BEGIN DATA BLOCK

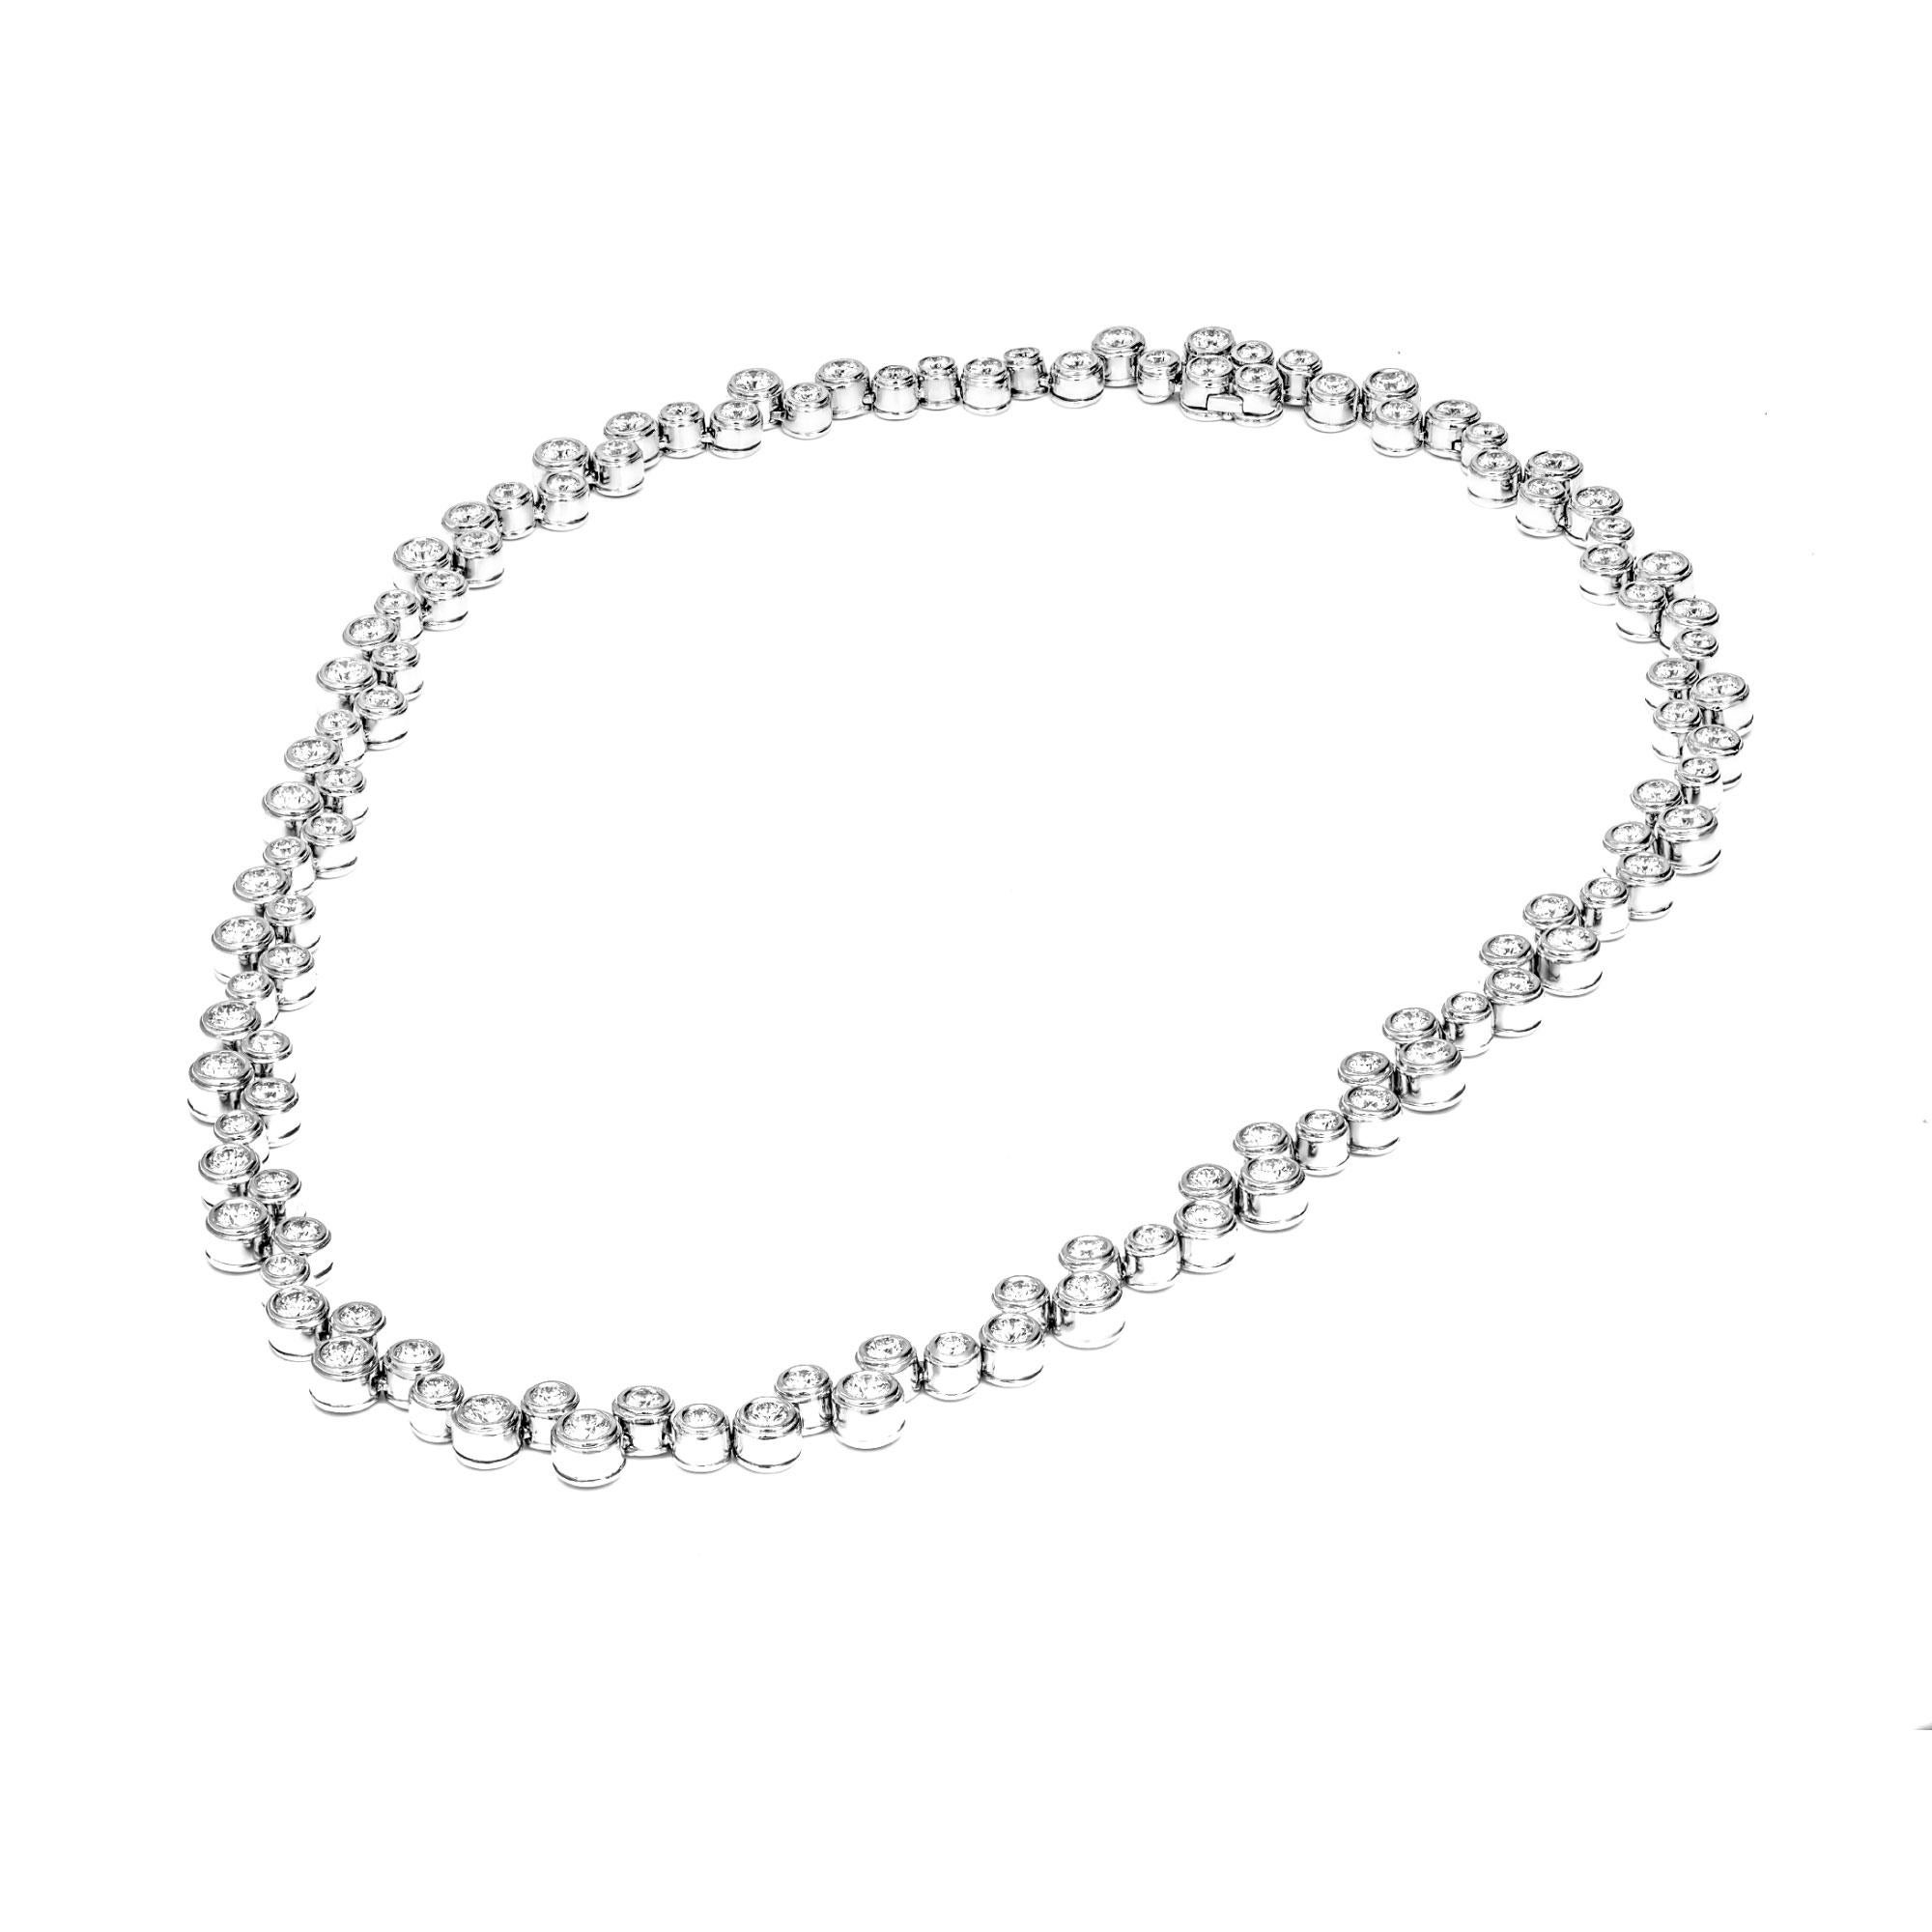 Tiffany & Co. Bubbles Platinum Diamond Necklace
110 Round diamonds totaling approximately 10ct 
Mounted in Platinum 950
Stamped inside with original hallmark on the closing mechanism

END DATA BLOCK

**TASK STATEMENT:** The output must consist solely of the lines from the one containing "Mounted in Platinum 950" through the end of the listing, unaltered.

**SOLVED PROBLEM:**
Mounted in Platinum 950
Stamped inside with original hallmark on the closing mechanism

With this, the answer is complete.